3.7 Employee Benefits

• Short term employee benefits are recognized as an expense in the Statement of Profit and Loss of the year in which the related services are rendered.

• Payment to defined contribution plan is recognized as expense when employees have rendered services. Re-Measurements of the defined benefit liability/asset comprising actuarial gains and losses are recognized in other comprehensive income.

• The liability for gratuity, a defined benefit plan is determined using the projected unit credit method, on the basis of actuarial valuations carried out by third party actuaries at each balance sheet date. Re-Measurements comprising actuarial gains and losses arising from experience adjustments and changes in actuarial assumptions are charged / credited to Other Comprehensive Income in period in which they arise.

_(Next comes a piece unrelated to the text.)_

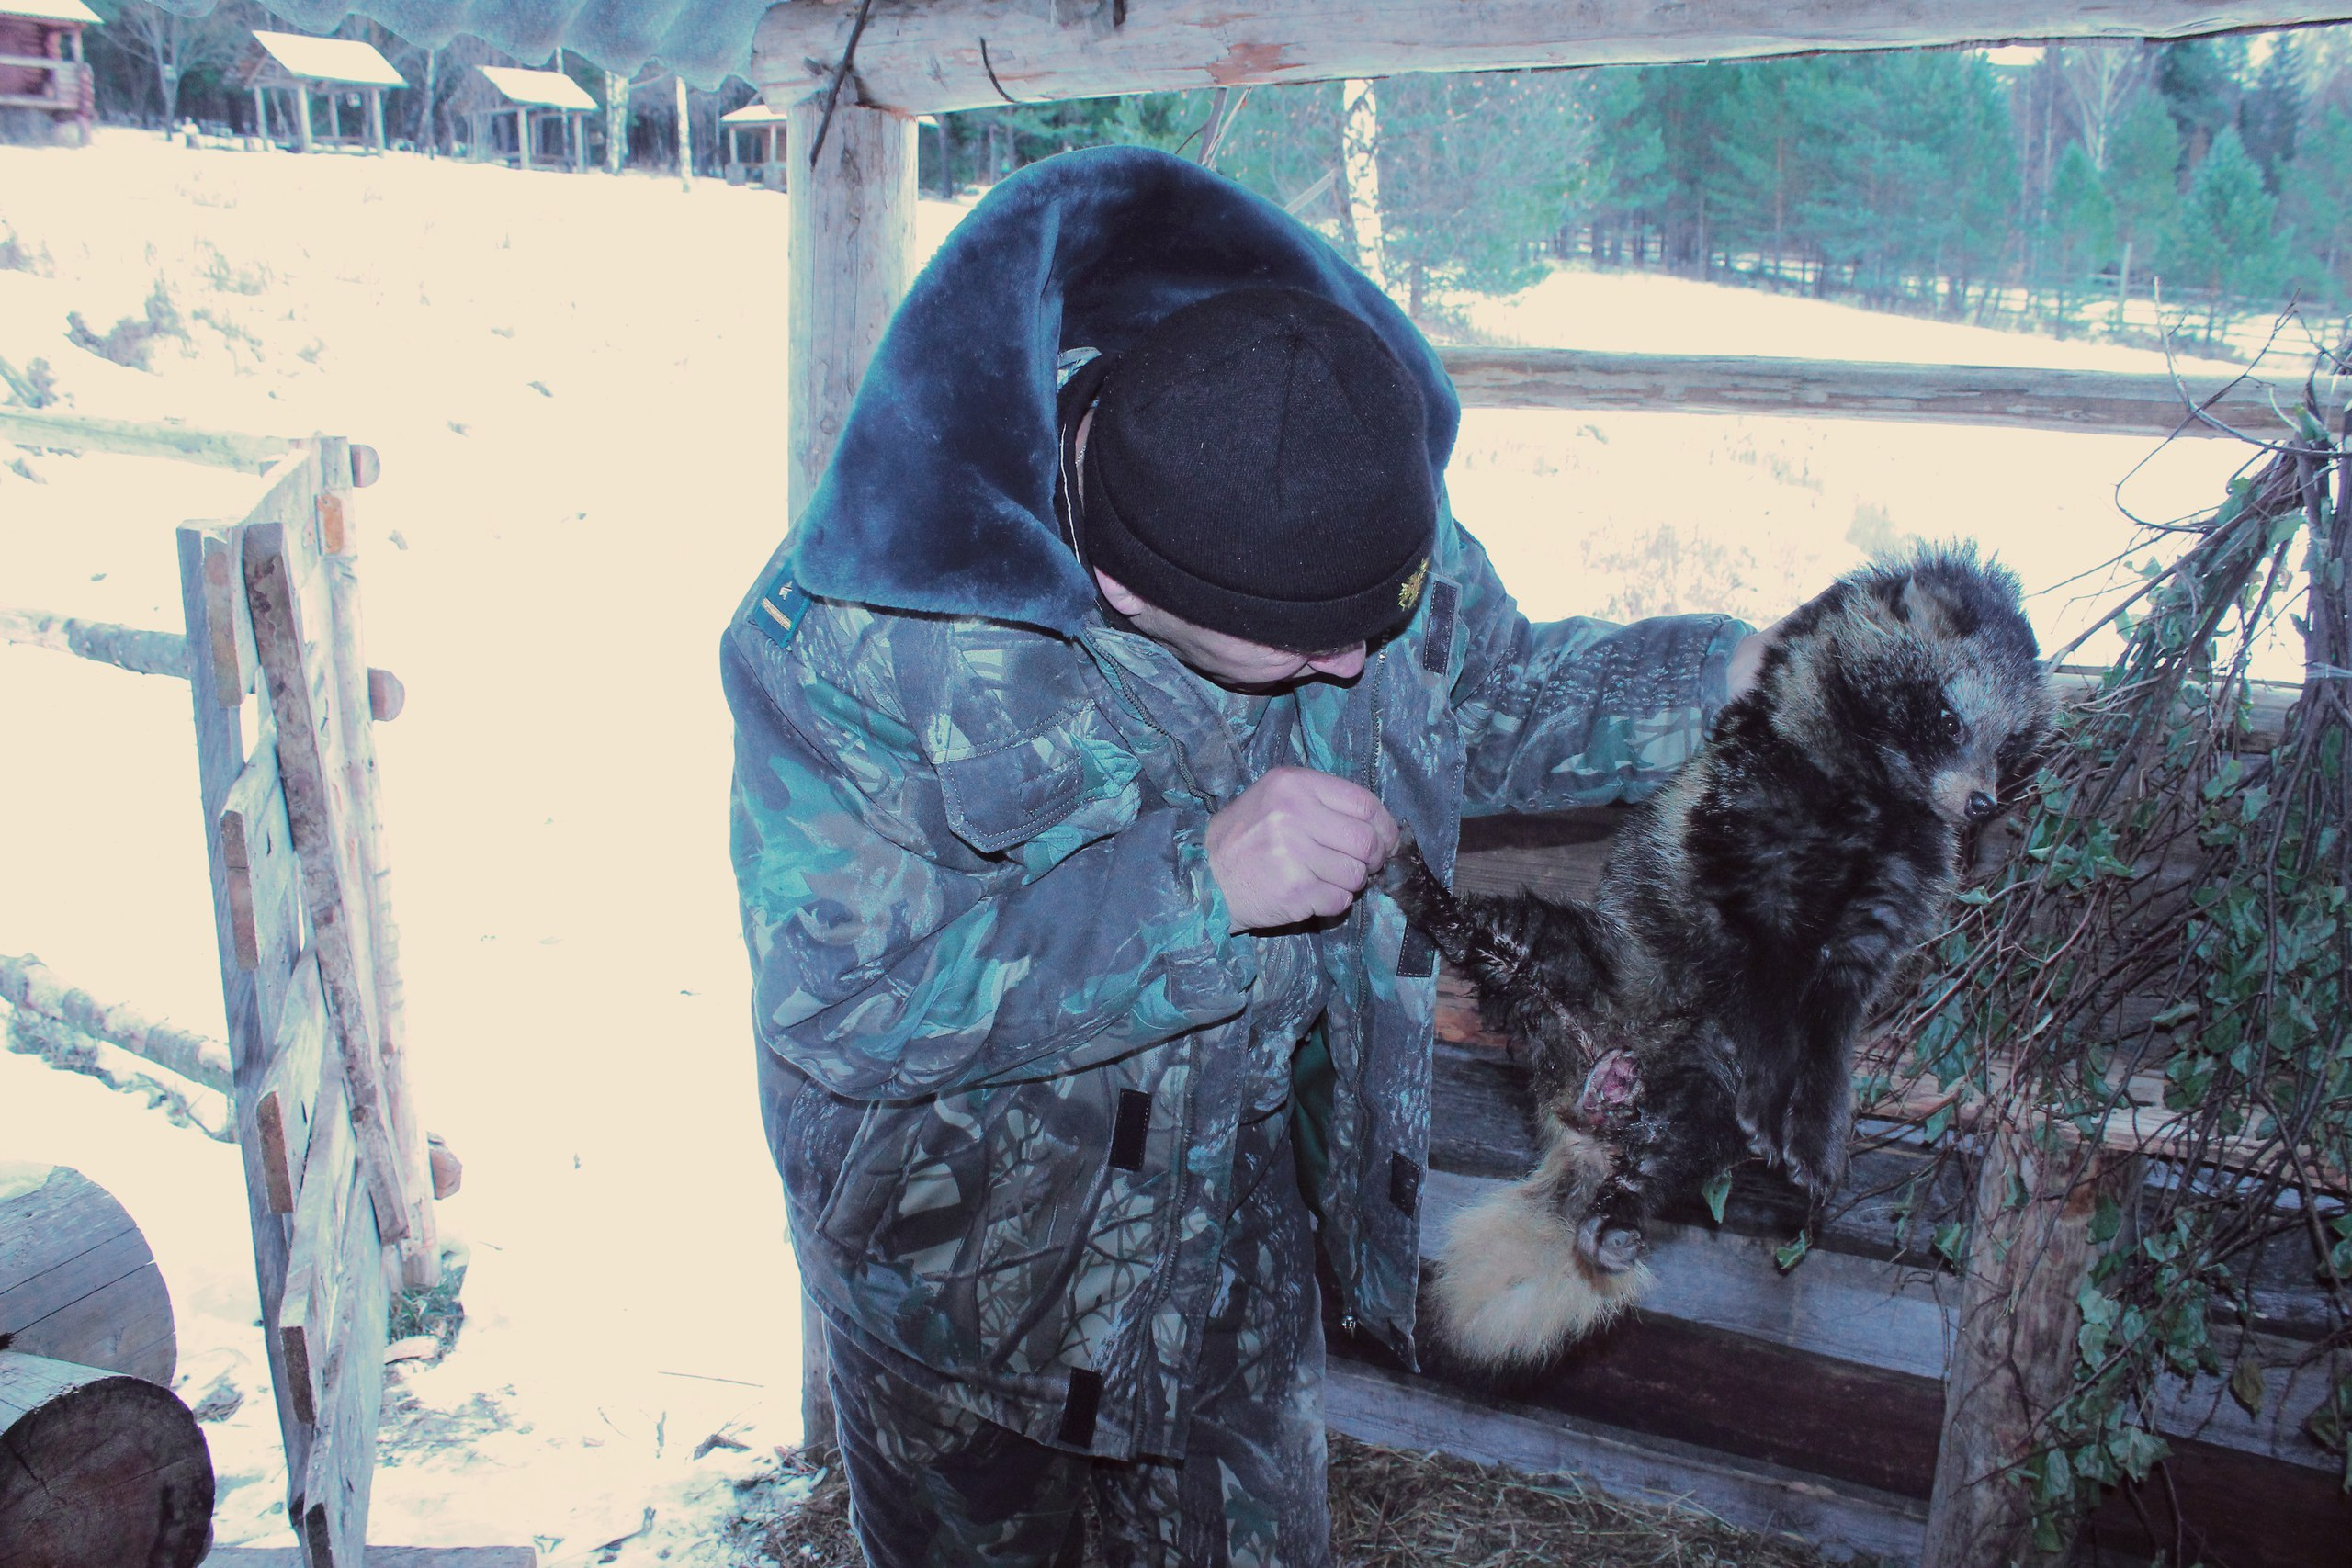 Умирающая отрака енотовидная собачка пришла ксотрудникамНП «Зюраткуль»

Other costs are accounted for in Statement of Profit and Loss.

• Liability in respect of compensated absences due or expected to be availed within one year from the Balance Sheet date is estimated on the basis of valuation carried out by third party actuaries at each Balance Sheet date. Re-Measurements comprising actuarial gains and losses arising from experience adjustments and changes in actuarial assumptions are charged / credited to profit and loss in the period in which they arise.

• Share based compensation benefits are recognised in the profit and loss in the year in which the same is granted as per Employees Share Purchase Scheme/ JSPL Employees Stock Option Plan of the Company.

The Company has created an Employee Benefit Trust (Trust) for providing share-based payment to its employees. The Company uses the Trust as a vehicle for distributing shares to employees under the employee remuneration schemes. The Trust buys shares of the Company from the market, for giving shares to employees. The Company treats Trust as its extension and shares held by the Trust are treated as treasury shares.

Own equity instruments that are reacquired (treasury shares) are recognised at cost and deducted from Equity. No gain or loss is recognised in profit and loss on the purchase, sale, issue or cancellation of the Company's own equity instruments. Any difference between the carrying amount and the consideration, if reissued, is recognised in other equity. Share options exercised during the reporting year are satisfied with treasury shares.

3.8 Taxes on income

Tax expense comprises current and deferred tax. Current income-tax is measured at the amount expected to be paid to the tax authorities in accordance with the Income-tax Act, 1961 enacted in India and tax laws prevailing in the respective tax jurisdictions where the company operates. The tax rates and tax laws used to compute the amount are those that are enacted or substantively enacted, at the reporting date.

Deferred tax is provided on temporary difference arising between the tax bases of assets & liabilities and their carrying amounts for financial reporting purposes at the reporting date. Deferred tax is measured using the tax rate that are expected to apply in the year when the asset is realized or the liability is settled based on the tax rates and the tax laws enacted or substantively enacted at the reporting date. Deferred tax relating to items recognized directly in equity/ OCI is recognized in equity/OCI and not in the statement of profit and loss.

Deferred tax asset is recognized to the extent that it is probable that sufficient future taxable profit will be available against which the deductible temporary differences and the carry forward unused tax credits and unused tax losses can be utilized. The carrying amount of deferred tax assets is reviewed at each reporting date and reduced to the extent that it is no longer probable that sufficient taxable profit will be available to allow all or part of the deferred tax asset to be utilized.